BEGIN Collected data

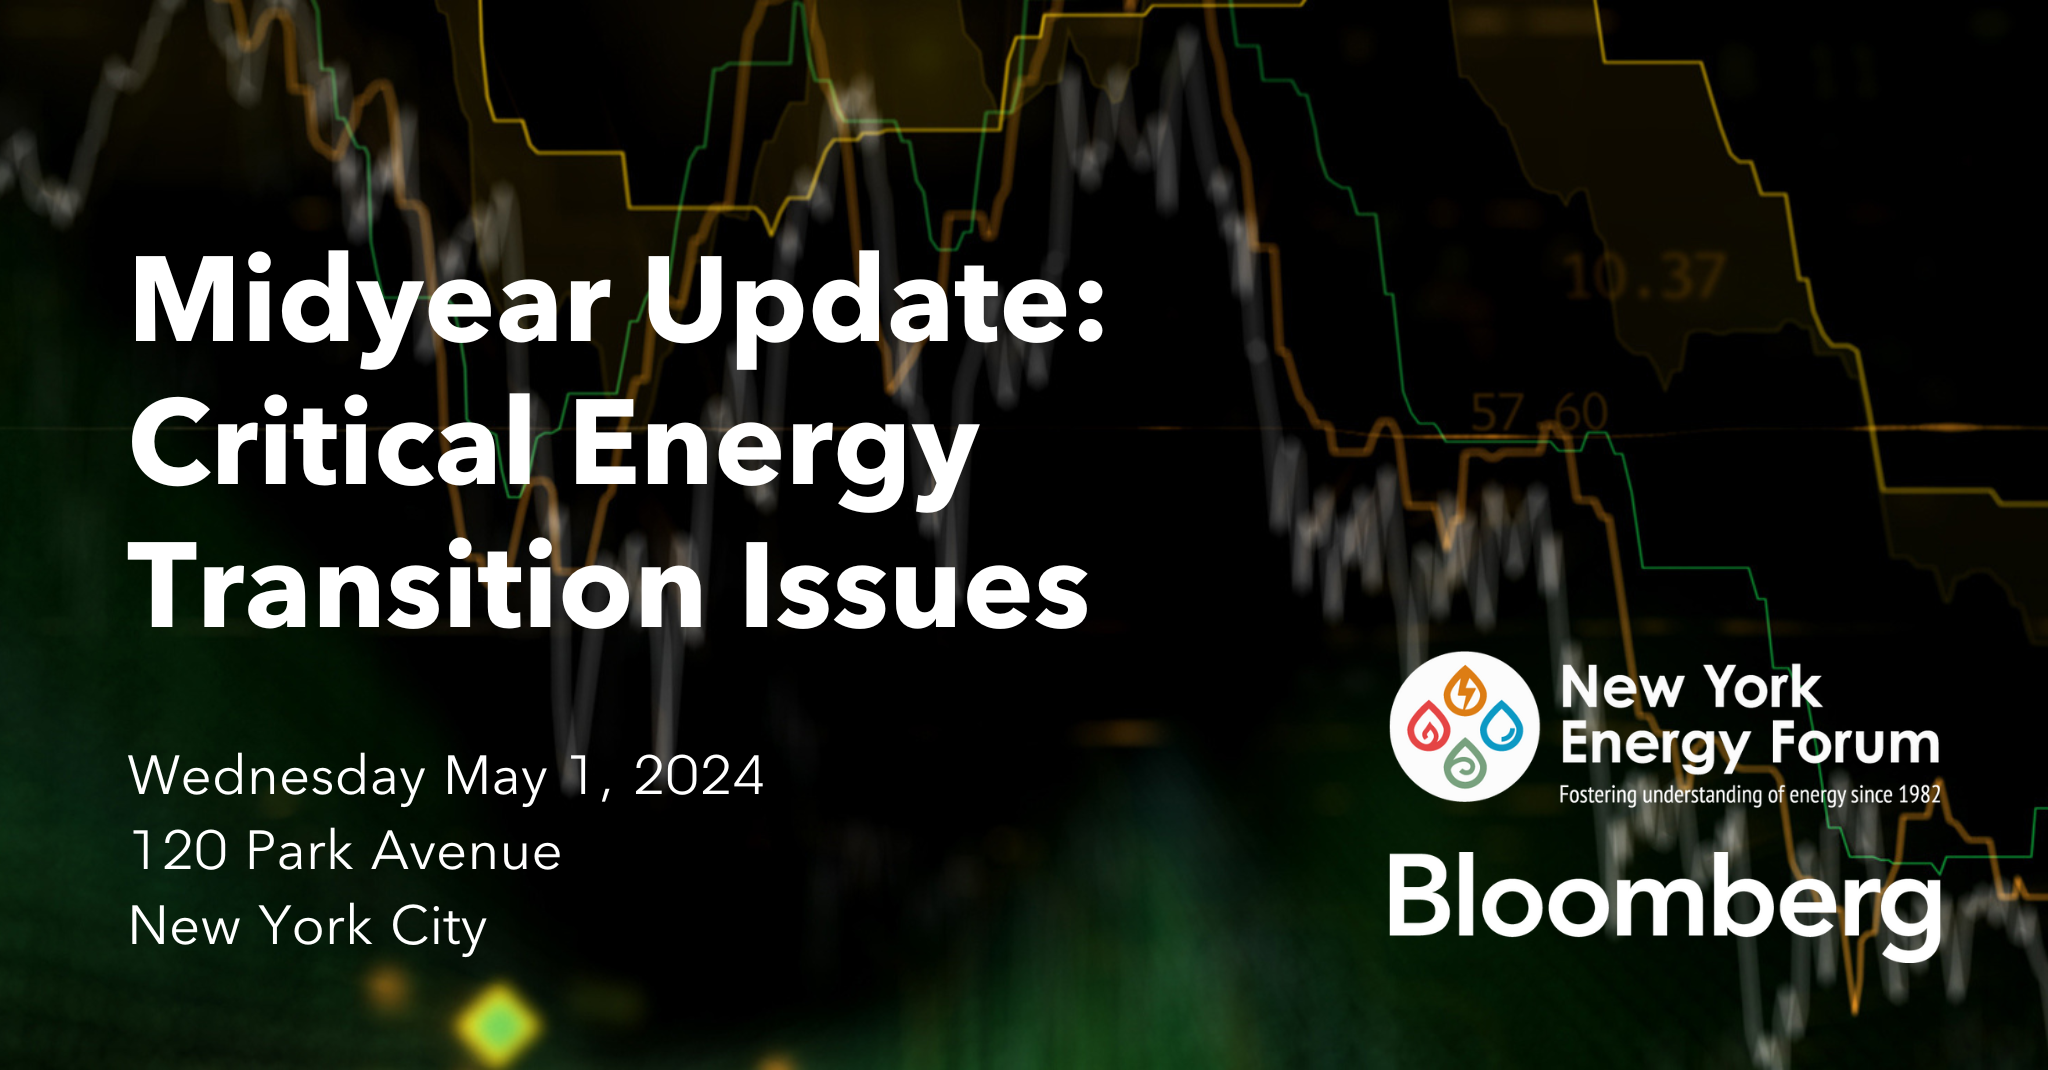 Midyear Update: Critical Energy Transition Issues
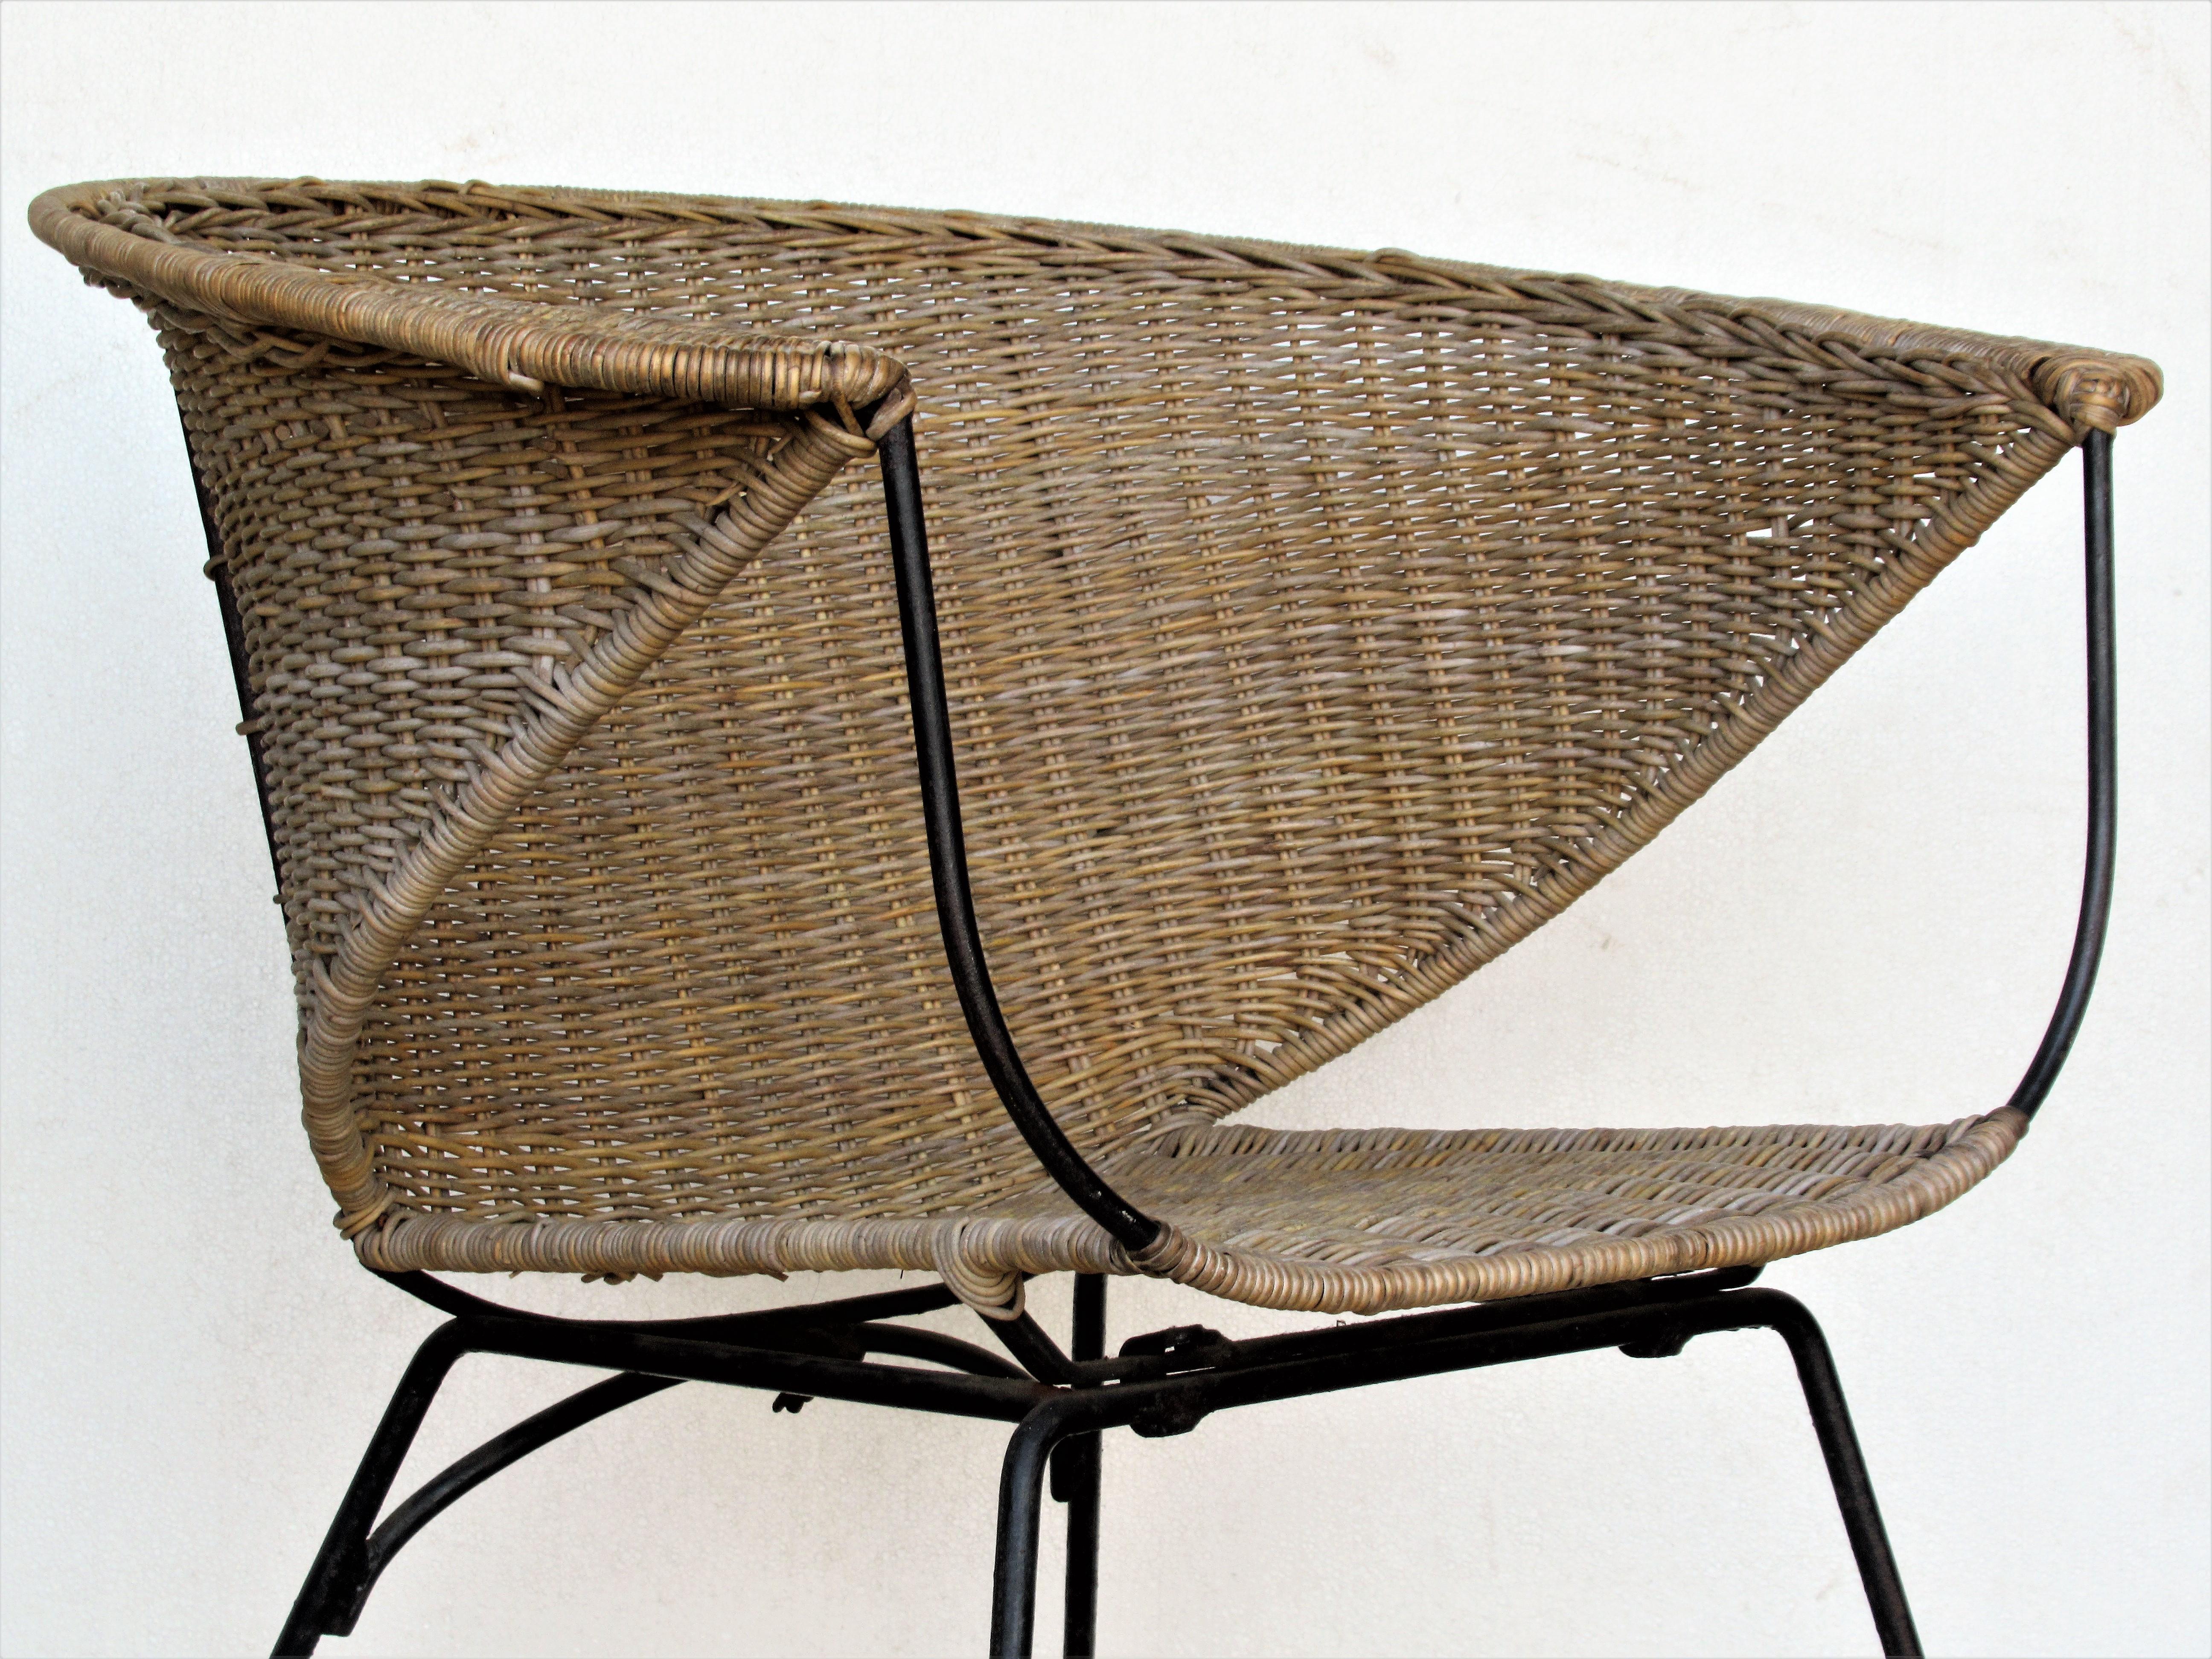 Mid 20th century modern iron and woven wicker rattan chair with a beautifully constructed sleek sculptural form. Look at all pictures and read condition report in comment
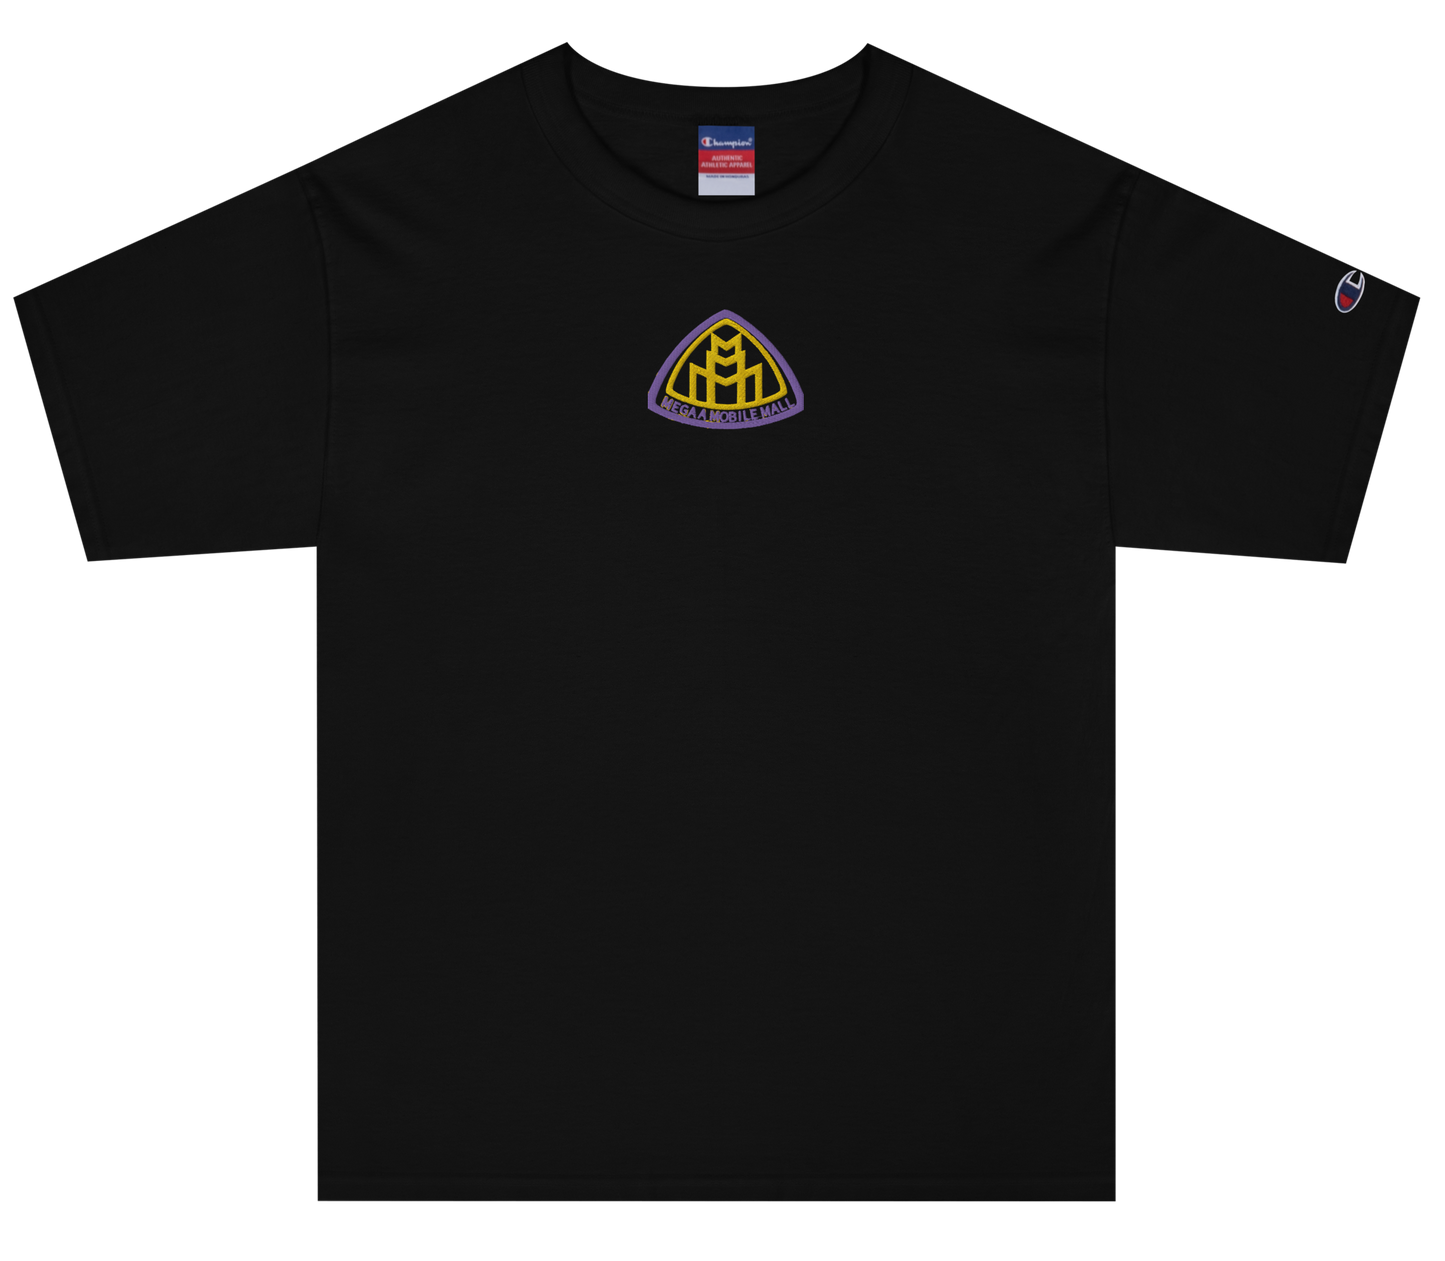 megaamobilemall logo embroidery in black on black shirt. yellow & gold stitching champion brand shirt
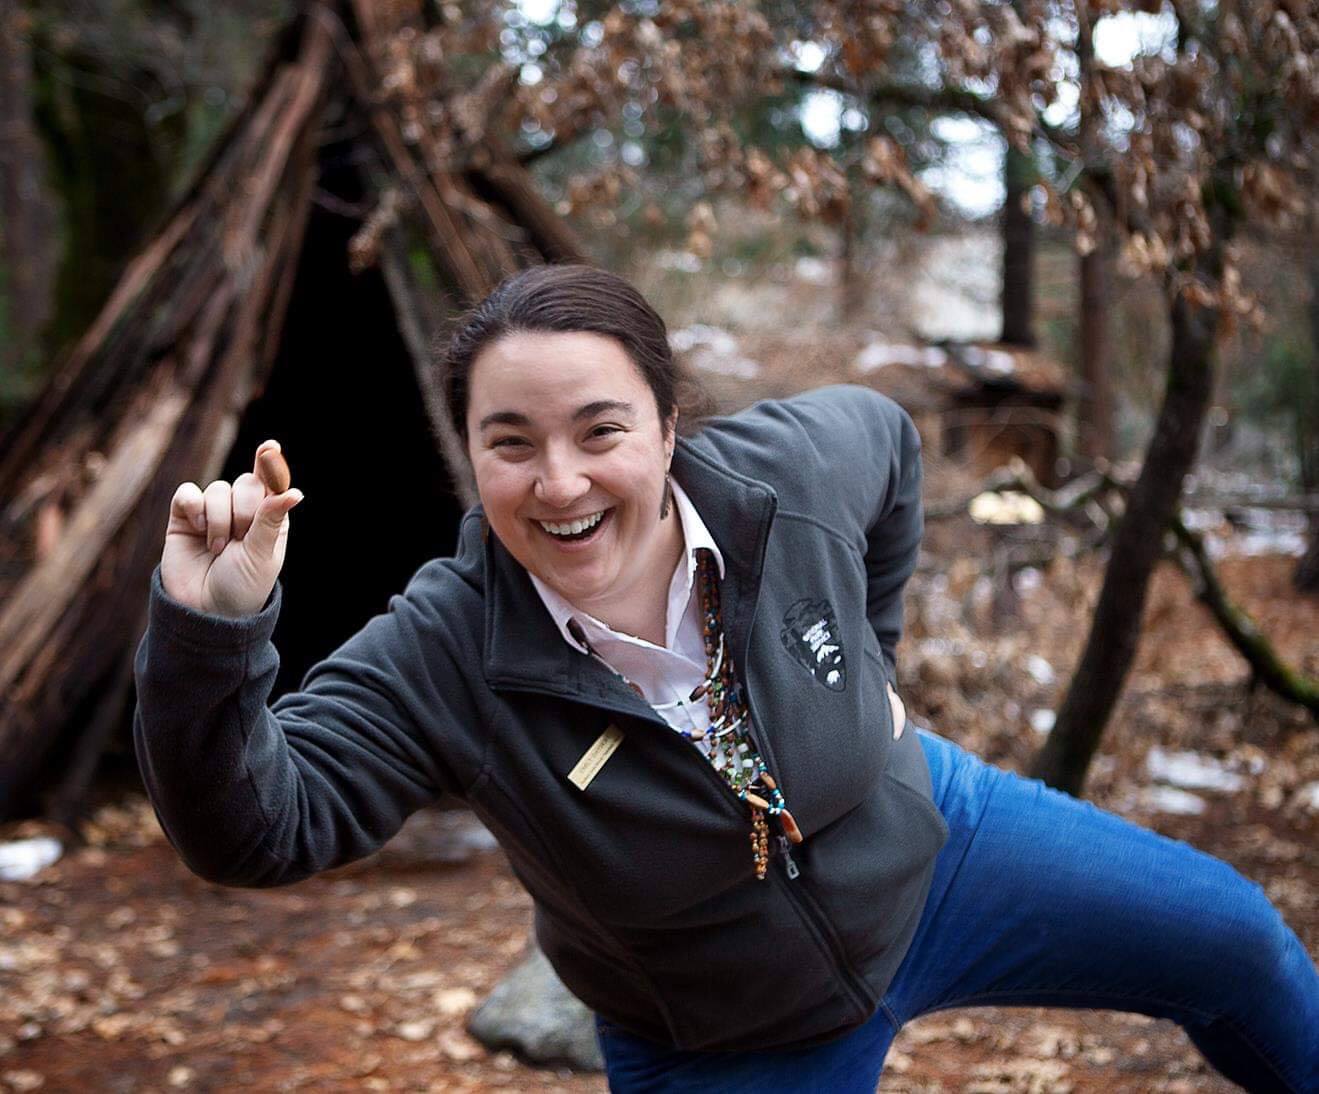 Woman in an excited pose holding an acorn; bark house in the background

END Collected data

Description of the task: Starting at the line that holds "megaamobilemall logo embroidery" and stopping at the last line of the listing above, write out each line exactly as it appears, and omit the pictures.

Expected answer:
 megaamobilemall logo embroidery in black on black shirt. yellow & gold stitching champion brand shirt
 Woman in an excited pose holding an acorn; bark house in the background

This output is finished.